▸ How to complete this task
Repeat the data as given. Images do not go in the copy.

▸ Recorded information
+---+
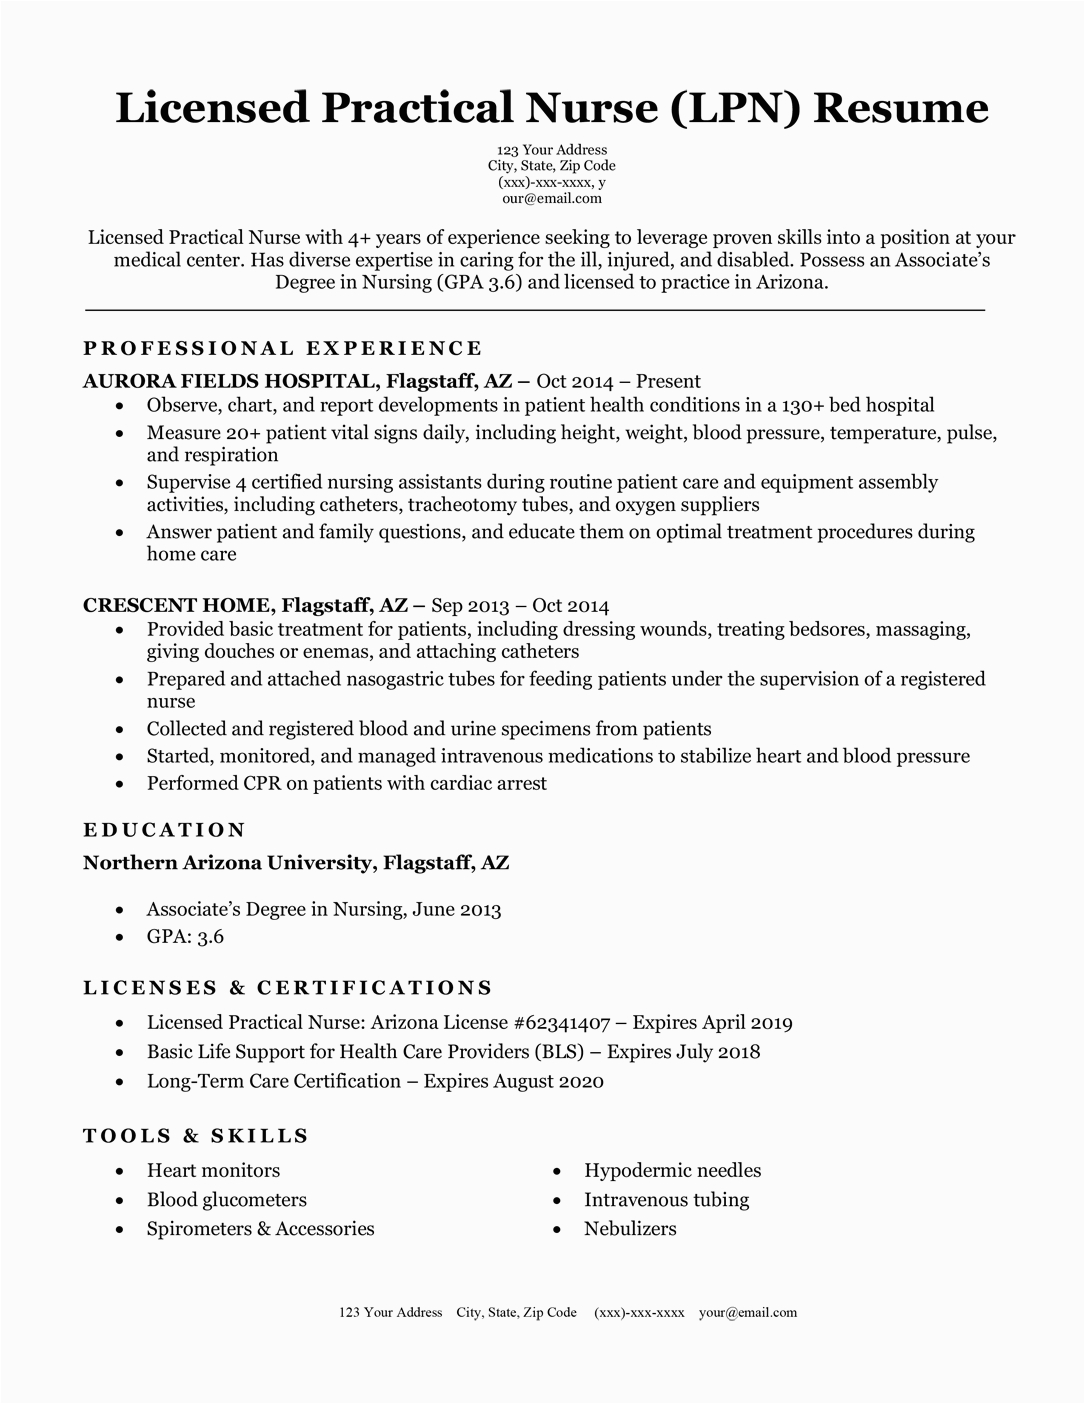 Licensed Practical Nurse Lpn Resume Sample Licensed Practical Nurse Lpn Resume Sample & Writing
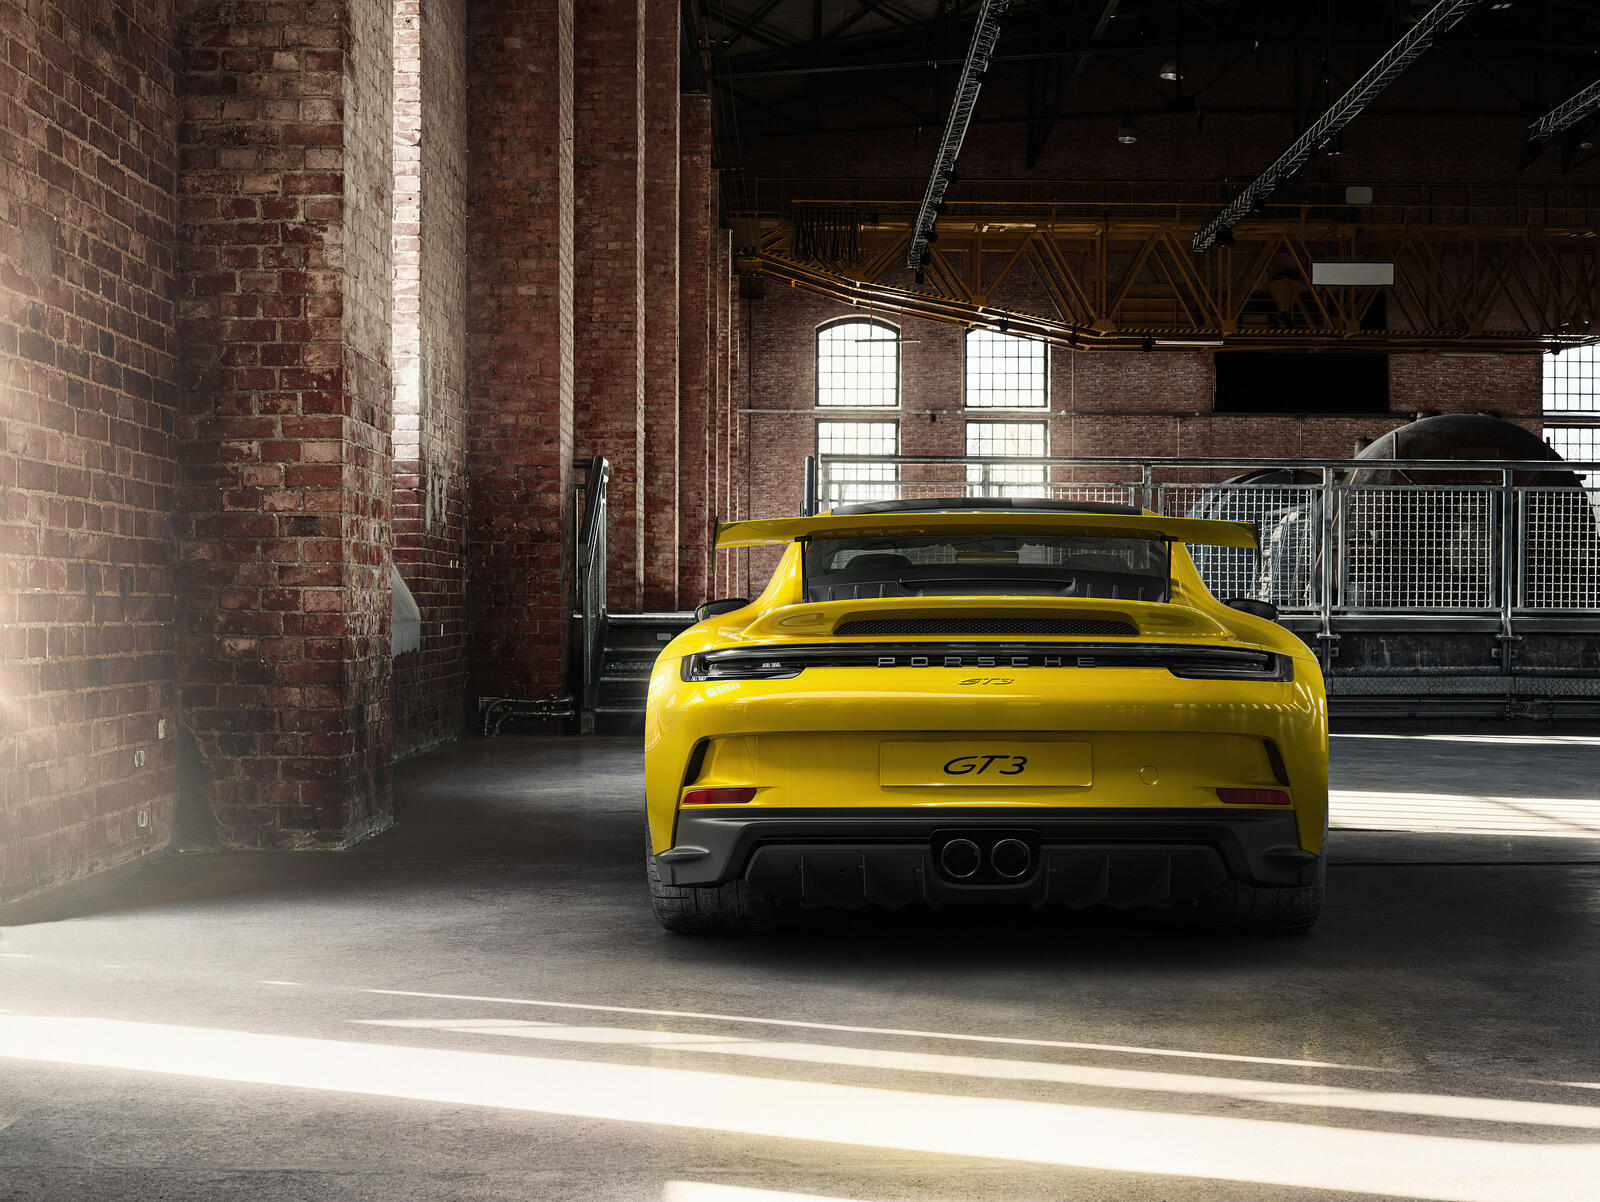 Бесплатное фото Желтый Porsche 911 сфотографированный сзади в ангаре из красного кирпича
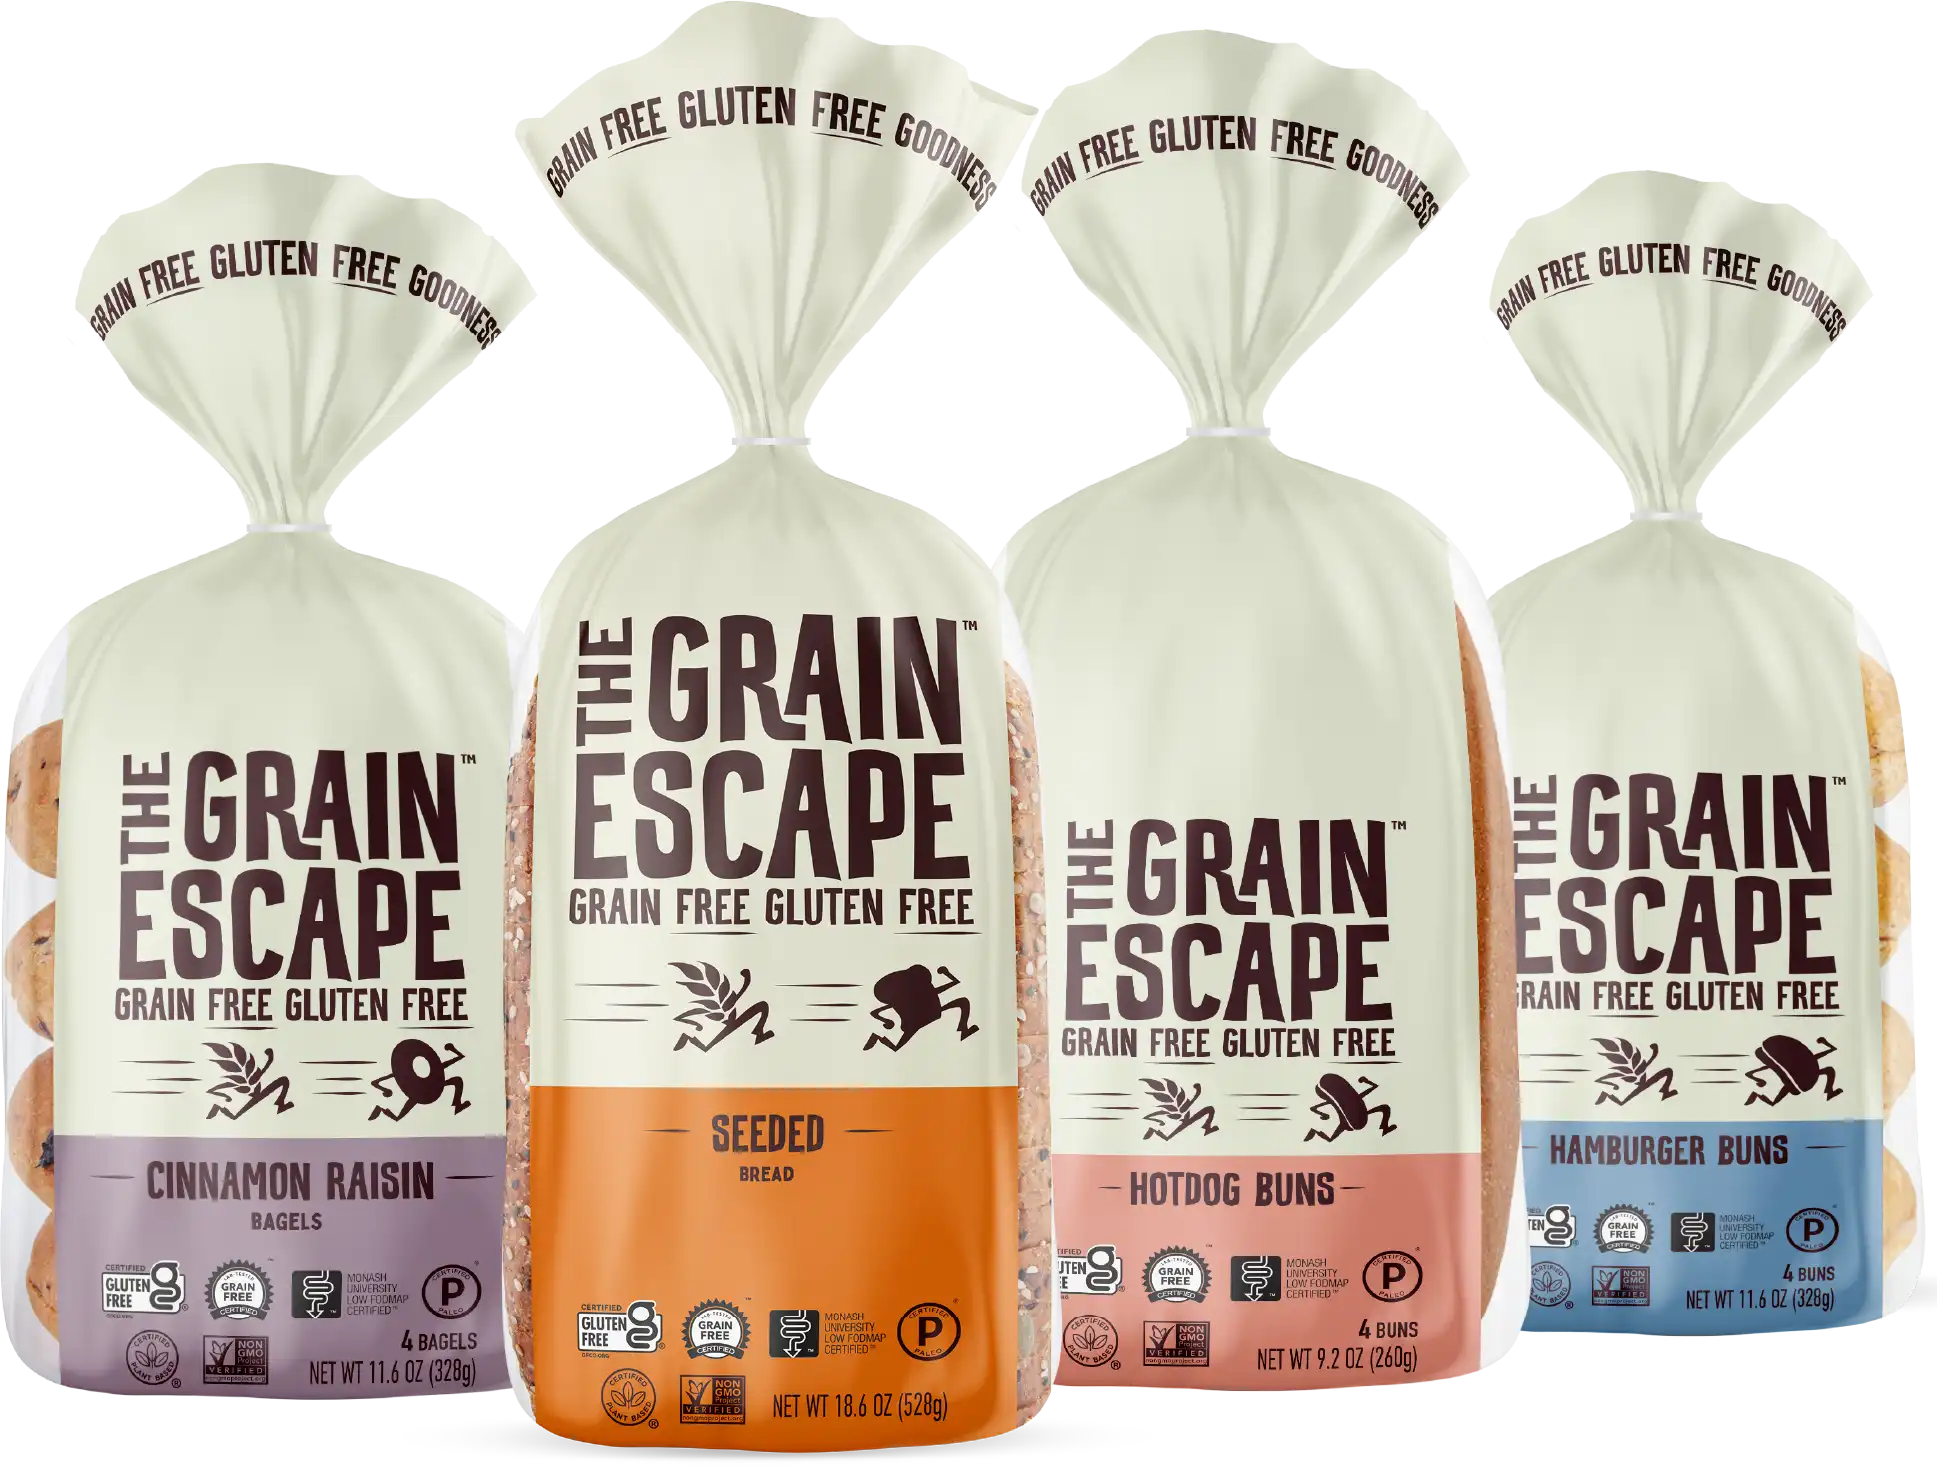 The Grain Escape Products
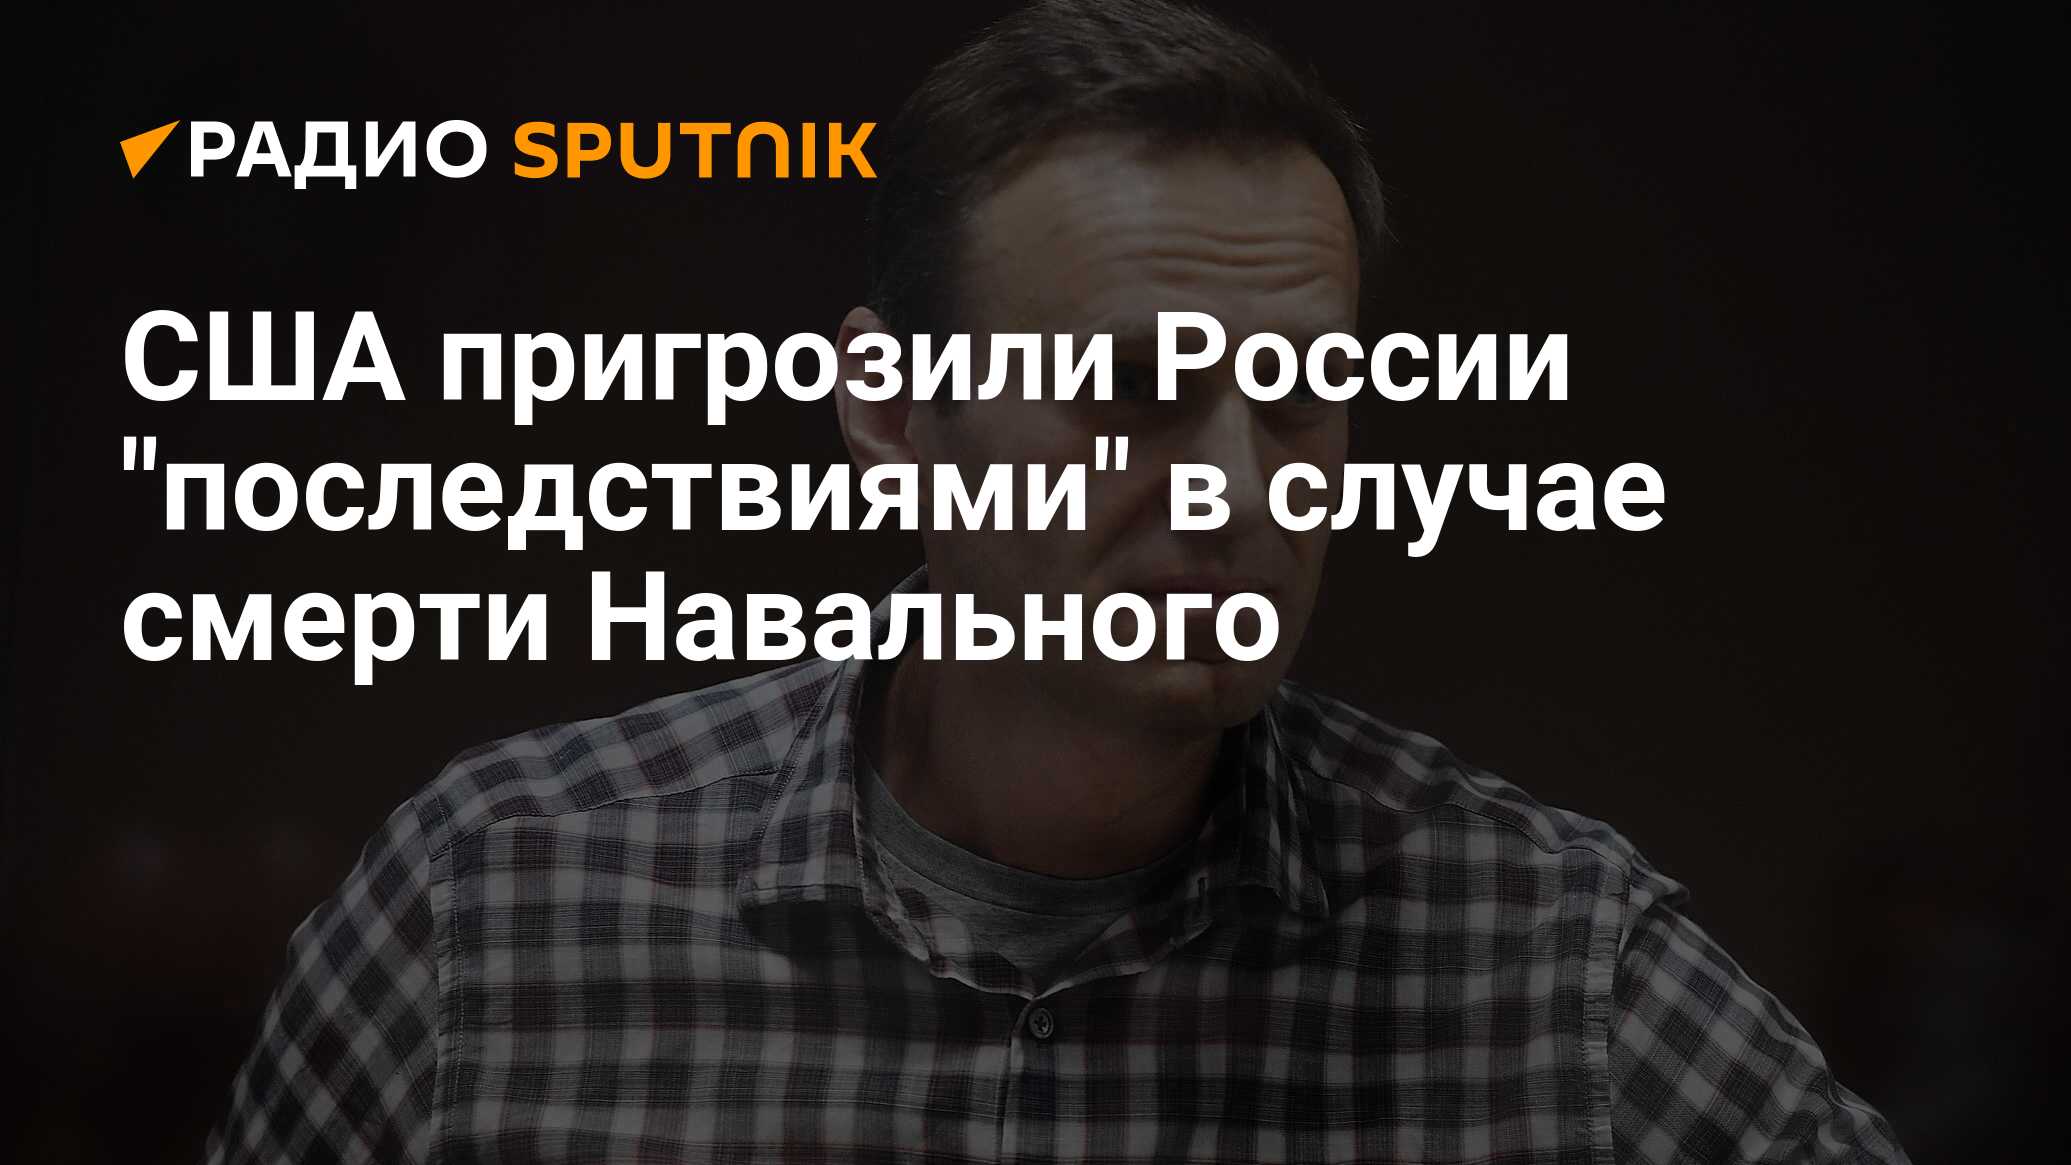 Когда 40 дней после смерти навального. Дата смерти Навального. Смерть Навального для России. Версия с Навальным смерти.
+---+
▸ Solution for this problem
 Licensed Practical Nurse Lpn Resume Sample Licensed Practical Nurse Lpn Resume Sample & Writing
 Бесплатное фото Желтый Porsche 911 сфотографированный сзади в ангаре из красного кирпича
 The Grain Escape Products
 Когда 40 дней после смерти навального. Дата смерти Навального. Смерть Навального для России. Версия с Навальным смерти.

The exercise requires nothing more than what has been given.